Key Options for `batch_ocr`:

- `input_dir`: (Required) Path to the directory containing image files to process.
- `-o, --output-dir`: Directory to save the output CSV files (passed to `ocr.py`). `ocr.py` default: `output`.
- `--lang`: OCR language (default: `korean`). (`ocr.py` default)
- `--rec_model_dir`: Path to the recognition model directory (default: `./models/ko_PP-OCRv3_rec_infer`). (`ocr.py` default)
- `--det_model_dir`: Path to the detection model directory (default: `./models/ch_PP-OCRv3_det_infer`). (`ocr.py` default)
- `--cls_model_dir`: Path to the direction classification model directory (default: `./models/ch_ppocr_mobile_v2.0_cls_infer`). (`ocr.py` default)
- `--use_gpu`: Whether to use GPU for OCR processing (default: `False`). (`ocr.py` default)
- `--rec_char_dict_path`: Path to recognition character dictionary (default: `None`, uses PaddleOCR default). (`ocr.py` default)
- `--rec_batch_num`: Recognition batch size (default: `6`). (`ocr.py` default)
- `--det_db_thresh`: Detection DB threshold (default: `0.4`). (`ocr.py` default)
- `--det_db_box_thresh`: Detection DB box threshold (default: `0.6`). (`ocr.py` default)
- `--det_db_unclip_ratio`: Detection DB unclip ratio (default: `1.8`). (`ocr.py` default)
- `--drop_score`: Drop score for text detection (default: `0.6`). (`ocr.py` default)
- `--cls_thresh`: Classification threshold (default: `0.9`). (`ocr.py` default)
- `--use_angle_cls`: Whether to use angle classification (default: `False`). (`ocr.py` default)
- `--use_space_char`: Whether to use space character (default: `True`). (`ocr.py` default)
- `--use_dilation`: Whether to use dilation on text regions (default: `True`). (`ocr.py` default)
- `--show_log`: Whether to display PaddleOCR's internal logs (default: `False`). (`ocr.py` default)

Examples for `batch_ocr`:

- Extract text from all images in `./scan_docs`:

```bash
python ocrs.py ./scan_docs
```

- Extract Korean text from all images in `./id_cards` (using GPU):

```bash
python ocrs.py ./id_cards --lang korean --use_gpu
```

The script will save extracted text or structured data for each image in the specified output directory.

---

## Troubleshooting

If you encounter issues while using the toolkit, refer to the following common problems and solutions:

### Missing Libraries

Ensure all dependencies are installed:

```bash
pip install -r requirements.txt
```

### Missing Model File

- **YuNet Model (for `crop.py` script)**: The `crop.py` script will automatically attempt to download the YuNet model if it is not found in the `models/` directory.
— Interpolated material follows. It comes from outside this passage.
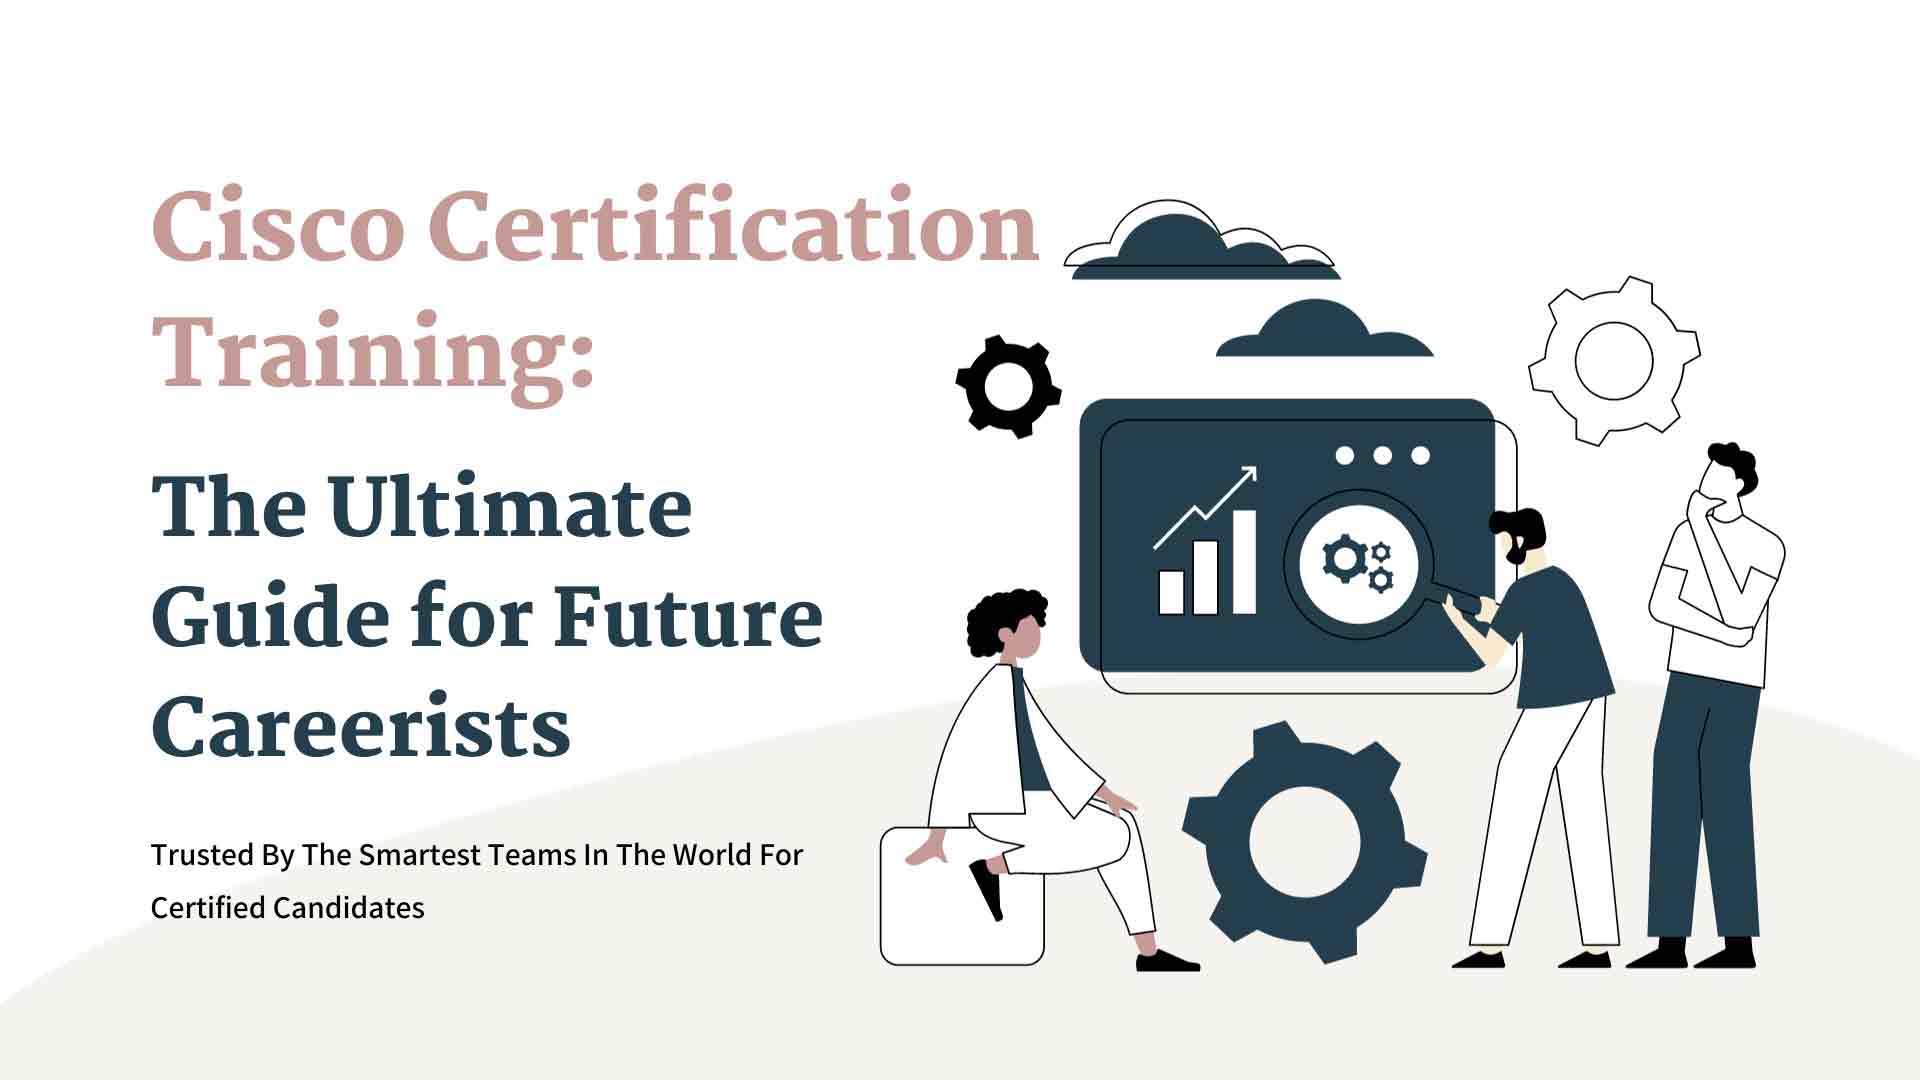 Cisco Certification and Training: The Ultimate Guide for Future Careerists

Ensure you have an active internet connection during the first run or if the model is missing.
- **PaddleOCR Models (for `ocr.py` script)**: The `ocr.py` script requires PaddleOCR models.
- Ensure you have downloaded the necessary detection, recognition (e.g., for Korean), and classification models.
- By default, the script looks for models in subdirectories under `./models/` (e.g., `./models/ko_PP-OCRv3_rec_infer`). You may need to create these directories and place the model files there, or specify custom model paths using options like `--rec_model_dir`, `--det_model_dir`, and `--cls_model_dir`.
- If using GPU (`--use_gpu`), ensure `paddlepaddle-gpu` is installed and your CUDA environment is correctly configured.

### Image Not Processed

- Verify that the input path is correct and points to a valid image file with supported extensions.
- For `ocr.py`: `python ocr.py ./input_image.png --show_log` (for PaddleOCR logs)
- If `python resize.py` command fails due to invalid arguments or critical processing errors, it will exit with a non-zero status code. Check terminal output for specific error messages.
- If `python crop.py` command encounters critical setup issues (e.g., model download failure, output directory problems, invalid input path) or unhandled processing errors, it will exit with a non-zero status code. `CropSetupError` indicates a problem that prevented the operation from starting. Check terminal output and logs for details.
- If `python ocr.py` command fails, check for PaddleOCR model availability, correct paths, and library installation. Error messages in the terminal or logs should provide more details.
- If `python optimize.py` command fails, ensure that the image files are valid and that you have appropriate file access permissions. Check terminal output for specific error messages.

---

## License

This project is licensed under the [MIT License](LICENSE).